Assignment =
Each line from the one holding "storia - Gay.it" to the end of the data below must be output verbatim, with no other lines.

[Collection entries]
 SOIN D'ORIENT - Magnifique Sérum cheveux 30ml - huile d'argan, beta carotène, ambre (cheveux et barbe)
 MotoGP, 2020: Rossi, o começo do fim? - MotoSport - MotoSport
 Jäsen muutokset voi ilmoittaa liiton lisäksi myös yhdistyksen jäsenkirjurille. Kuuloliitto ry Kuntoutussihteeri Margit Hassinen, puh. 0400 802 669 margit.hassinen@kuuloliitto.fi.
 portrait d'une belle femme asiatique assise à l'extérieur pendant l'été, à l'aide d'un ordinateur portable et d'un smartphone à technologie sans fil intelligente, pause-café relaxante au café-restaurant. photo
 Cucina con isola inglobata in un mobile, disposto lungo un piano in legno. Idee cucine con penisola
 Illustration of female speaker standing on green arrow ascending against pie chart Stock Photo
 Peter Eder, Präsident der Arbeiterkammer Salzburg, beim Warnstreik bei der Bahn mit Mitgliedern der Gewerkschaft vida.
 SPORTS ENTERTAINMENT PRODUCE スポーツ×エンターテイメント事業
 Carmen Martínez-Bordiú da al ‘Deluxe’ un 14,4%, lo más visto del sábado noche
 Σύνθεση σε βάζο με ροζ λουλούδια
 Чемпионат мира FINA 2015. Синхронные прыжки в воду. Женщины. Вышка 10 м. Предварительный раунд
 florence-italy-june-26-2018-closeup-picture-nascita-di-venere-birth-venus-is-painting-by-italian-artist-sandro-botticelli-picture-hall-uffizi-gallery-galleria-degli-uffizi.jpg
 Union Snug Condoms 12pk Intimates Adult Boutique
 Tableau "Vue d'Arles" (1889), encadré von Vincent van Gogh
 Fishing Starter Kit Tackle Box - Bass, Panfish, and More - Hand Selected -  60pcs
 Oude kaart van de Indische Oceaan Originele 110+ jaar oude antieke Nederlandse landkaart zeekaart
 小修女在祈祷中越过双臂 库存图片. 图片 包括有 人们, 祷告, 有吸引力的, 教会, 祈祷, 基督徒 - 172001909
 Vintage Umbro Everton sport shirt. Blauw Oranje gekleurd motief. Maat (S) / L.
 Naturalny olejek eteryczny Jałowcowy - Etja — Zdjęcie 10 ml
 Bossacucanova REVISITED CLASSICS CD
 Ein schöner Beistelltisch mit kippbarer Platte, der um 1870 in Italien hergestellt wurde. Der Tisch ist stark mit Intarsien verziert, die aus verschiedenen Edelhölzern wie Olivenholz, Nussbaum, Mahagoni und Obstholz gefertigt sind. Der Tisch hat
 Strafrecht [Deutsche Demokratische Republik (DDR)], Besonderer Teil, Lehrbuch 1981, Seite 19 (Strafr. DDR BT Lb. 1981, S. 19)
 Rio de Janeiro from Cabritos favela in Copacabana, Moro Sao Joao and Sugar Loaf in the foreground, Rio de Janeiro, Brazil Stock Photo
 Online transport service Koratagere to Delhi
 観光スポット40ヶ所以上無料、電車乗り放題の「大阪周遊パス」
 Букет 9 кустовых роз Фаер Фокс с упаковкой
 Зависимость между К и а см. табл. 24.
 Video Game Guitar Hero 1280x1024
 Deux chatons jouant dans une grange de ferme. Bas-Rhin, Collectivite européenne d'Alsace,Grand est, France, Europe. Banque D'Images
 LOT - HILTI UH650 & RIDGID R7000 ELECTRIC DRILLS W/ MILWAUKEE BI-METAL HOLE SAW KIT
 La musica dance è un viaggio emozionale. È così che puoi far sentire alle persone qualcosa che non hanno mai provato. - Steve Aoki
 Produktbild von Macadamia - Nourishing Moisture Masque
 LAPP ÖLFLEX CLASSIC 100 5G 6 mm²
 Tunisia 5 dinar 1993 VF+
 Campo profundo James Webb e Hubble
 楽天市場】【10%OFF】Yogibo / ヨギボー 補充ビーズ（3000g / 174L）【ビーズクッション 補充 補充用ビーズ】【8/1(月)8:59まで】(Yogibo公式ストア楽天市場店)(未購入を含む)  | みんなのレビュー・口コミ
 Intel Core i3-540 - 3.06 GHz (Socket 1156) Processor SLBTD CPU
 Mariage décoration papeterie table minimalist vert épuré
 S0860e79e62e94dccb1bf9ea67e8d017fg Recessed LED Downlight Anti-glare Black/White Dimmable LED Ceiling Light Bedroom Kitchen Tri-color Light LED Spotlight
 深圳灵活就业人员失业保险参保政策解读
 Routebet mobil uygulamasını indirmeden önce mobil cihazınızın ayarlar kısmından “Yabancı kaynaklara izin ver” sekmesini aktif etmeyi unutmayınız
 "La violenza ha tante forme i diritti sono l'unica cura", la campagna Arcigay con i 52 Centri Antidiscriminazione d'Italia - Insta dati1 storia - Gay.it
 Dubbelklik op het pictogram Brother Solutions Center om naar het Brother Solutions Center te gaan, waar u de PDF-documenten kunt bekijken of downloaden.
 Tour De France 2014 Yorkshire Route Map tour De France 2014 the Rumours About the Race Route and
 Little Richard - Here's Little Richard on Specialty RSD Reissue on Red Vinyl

Exercise answer =
 "La violenza ha tante forme i diritti sono l'unica cura", la campagna Arcigay con i 52 Centri Antidiscriminazione d'Italia - Insta dati1 storia - Gay.it
 Dubbelklik op het pictogram Brother Solutions Center om naar het Brother Solutions Center te gaan, waar u de PDF-documenten kunt bekijken of downloaden.
 Tour De France 2014 Yorkshire Route Map tour De France 2014 the Rumours About the Race Route and
 Little Richard - Here's Little Richard on Specialty RSD Reissue on Red Vinyl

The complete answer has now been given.